1st November 2017
Google launched their ‘Smart Bidding’ technology a little over a year ago now – one which applies deep machine learning to automate bids during each and every auction, whilst taking into account a wide range of signals to set the optimal bid for that particular search, at that particular time.
Now, it should be said that automated bidding is not a new thing. Google first introduced ‘Conversion Optimiser’ back in 2008, allowing advertisers to set a target cost-per-acquisition (tCPA) and let Google set the bids based on past performance.
The truth is that, historically, we’ve found the technology to be a bit…lacklustre…when it comes to setting bids and achieving our client’s goals, instead preferring to set bids manually and optimise using our own knowledge and insights. Yet, the time has come where the complexity of AdWords accounts, and the increasingly complex paths-to-purchase across multiple devices means (ok, so not every path to conversion takes 900+ interactions, but you get the idea), combined with the recent rapid advancements in machine learning, mean that it really is time to give the technology more of a chance.
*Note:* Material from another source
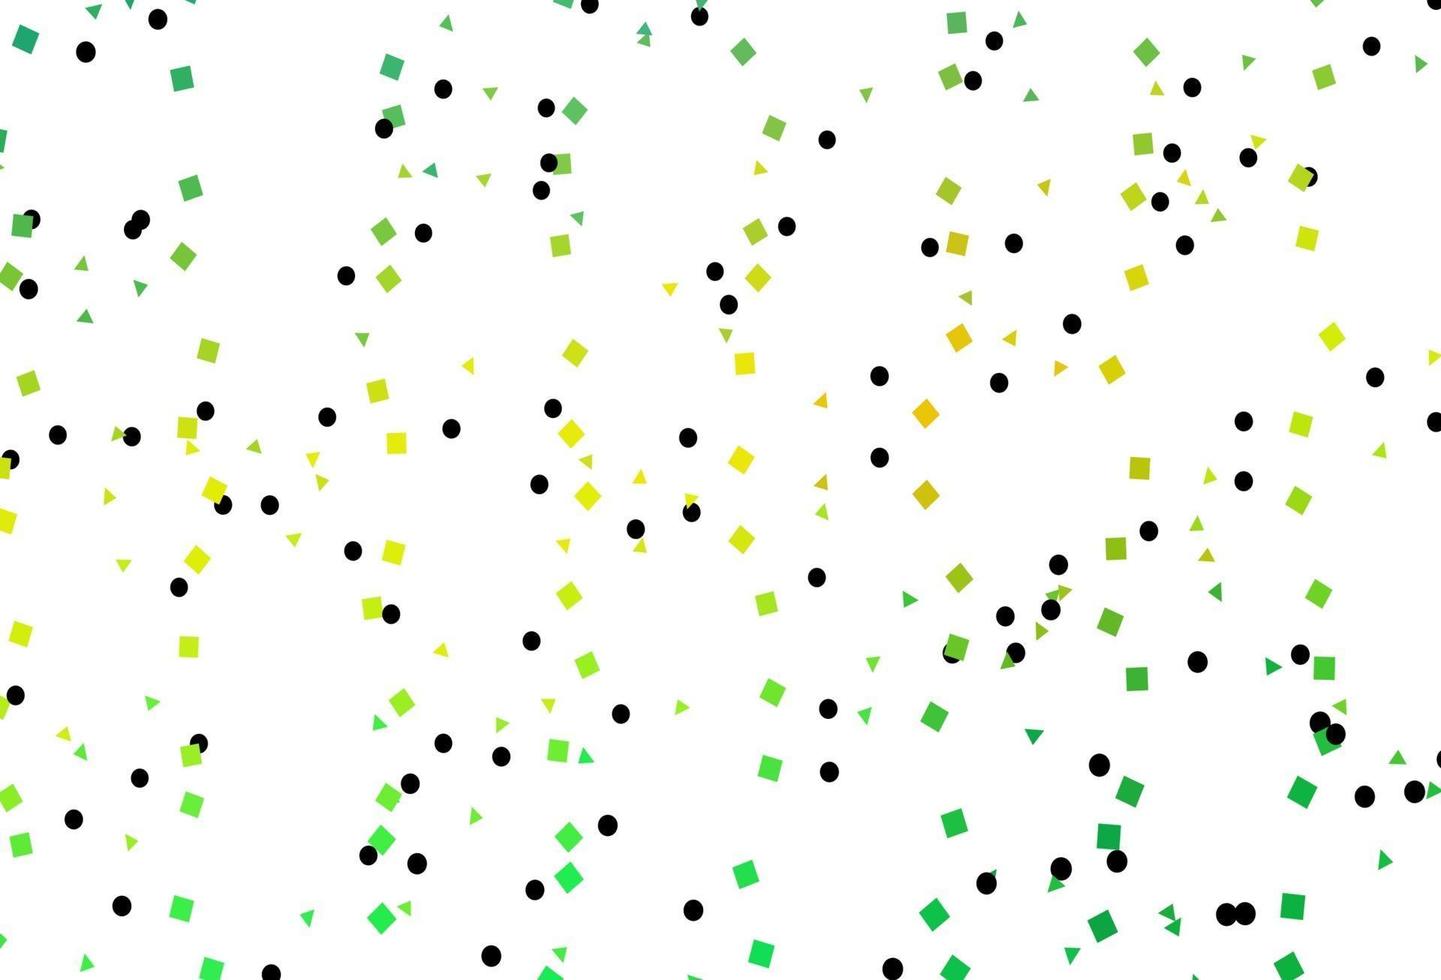 layout de vetor verde e amarelo claro com círculos, linhas, retângulos.
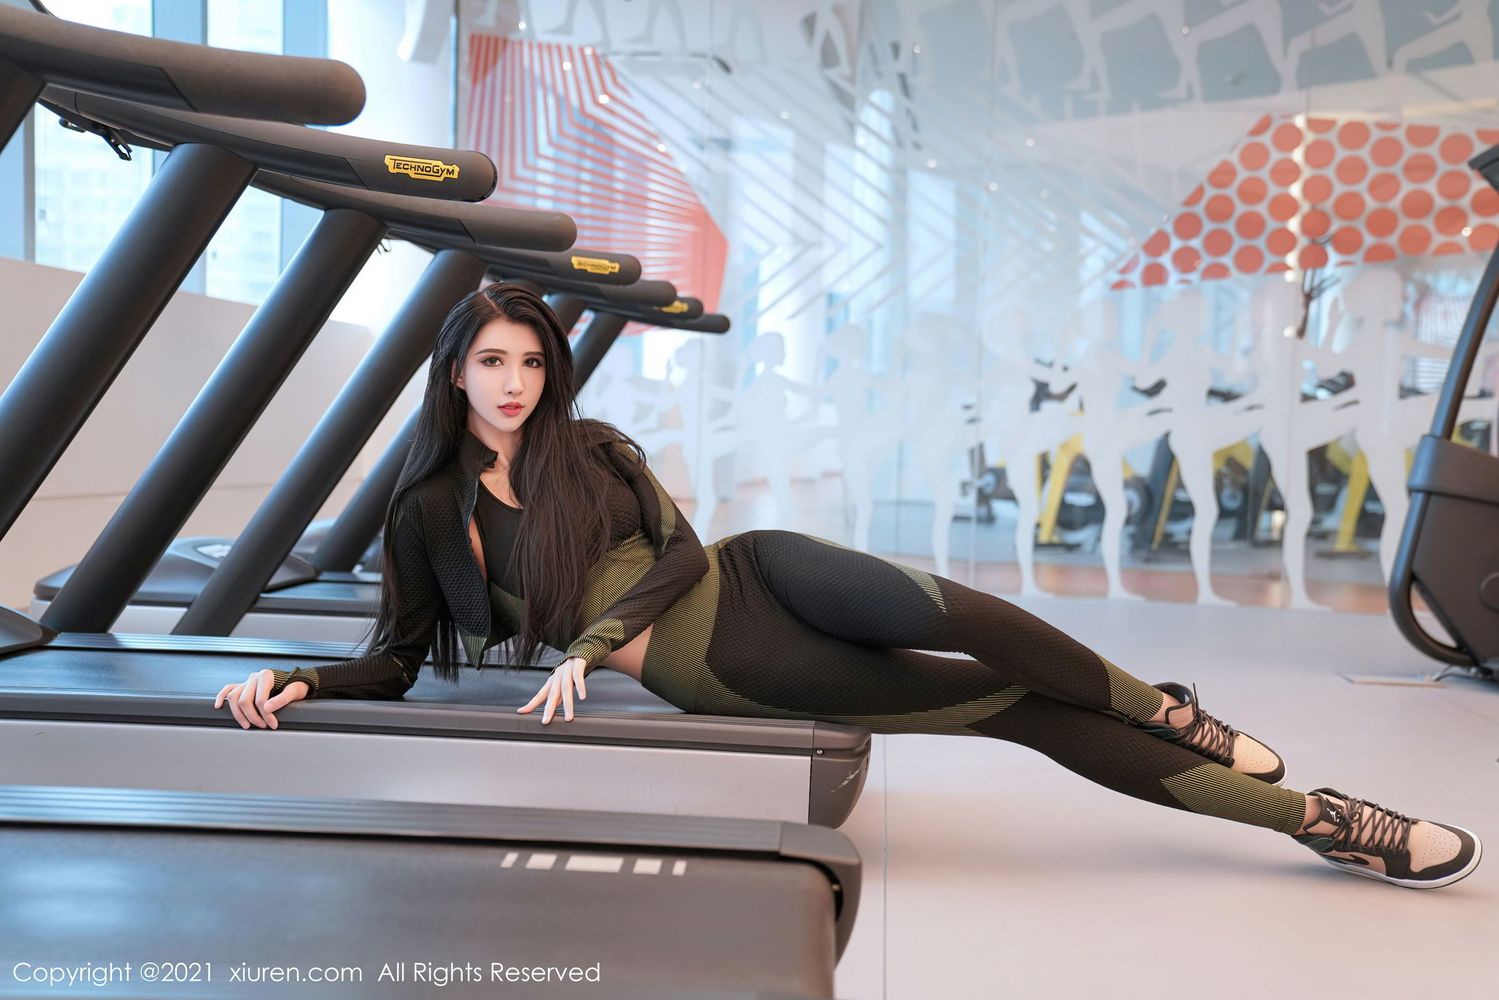 美女模特葛征Model紧身运动装+健身房主题性感写真

As powerful as the human brain is, there’s no way that we can set optimal bids for each and every auction, accounting for as many signals as Smart Bidding does.
But still we need to ask the question – should we trust it? Is the technology all it’s cracked up to be? We’ve tested it over the past year and one of our Online Marketing Executives, Michelle, has identified a couple of things you should look out for.
When experimenting, don’t change your campaigns!
We first tested target CPA Smart Bidding using Google Draft Campaigns & Experiments, running it as a 50/50 experiment vs manual bidding, in one campaign at a time.
Initially we ran into a few teething problems when analysing the results of the experiment; this was due to us making changes to the original campaign which skewed the results.
So in our next 50/50 experiments we made sure both campaigns were untouched during the experiment. This led to a fairer test and we were able to see the tCPA did actually work in driving more leads at a cheaper CPA. So we then decided to run it 100% across the 2 campaigns we saw it work well in.
Key takeaway: try not to make any changes to your experiment campaign whilst you are running a test. If you must, make sure that you also make the same changes to the original campaign, to keep the test as fair as possible.
Be wary if your campaigns have limited conversion volume, budgets or high impression share
As we saw Smart Bidding working in those 2 campaigns, in April we decided to be more bold and test in two of our bigger campaigns, which we were initially quite cautious of. The tCPA bidding proved to perform well in the one of these campaigns by driving more leads at a cheaper CPA than the original campaign. However the other campaign didn’t yield such positive results; in fact it spent double that of the original campaign and had a much higher tCPA.
Google explained the reason as to why this campaign didn’t work so well:
“Due to the sporadic nature of conversions within this campaign, tCPA was not able to ascertain the correct conversion signals from converters within the campaign and as such was unable to optimise efficiently towards the tCPA level required. What we also saw here is a campaign with very high impression share – over 99%. Campaigns with very high impression share are unlikely to benefit as much from Target CPA, since there may not be any more conversions available for Target CPA to get for this campaign. tCPA may not be suitable for all campaigns.”
We’re now testing tCPA 50/50 in 3 other campaigns, and before doing so we asked our Google rep whether they thought they we’re suitable for tCPA bidding. Google have said tCPA won’t work well in some campaigns due to driving limited amount of leads, high impression share, and whether it’s limited by budget.
Key takeaway: Smart Bidding – specifically Target CPA – might not work as expected if your campaign has limited conversion volume (difficult to predict which clicks are more likely to convert), has high impression share (you’ll be capturing these conversions anyway), or limited budgets (Google have advised that the machine learning doesn’t work well under this constraint).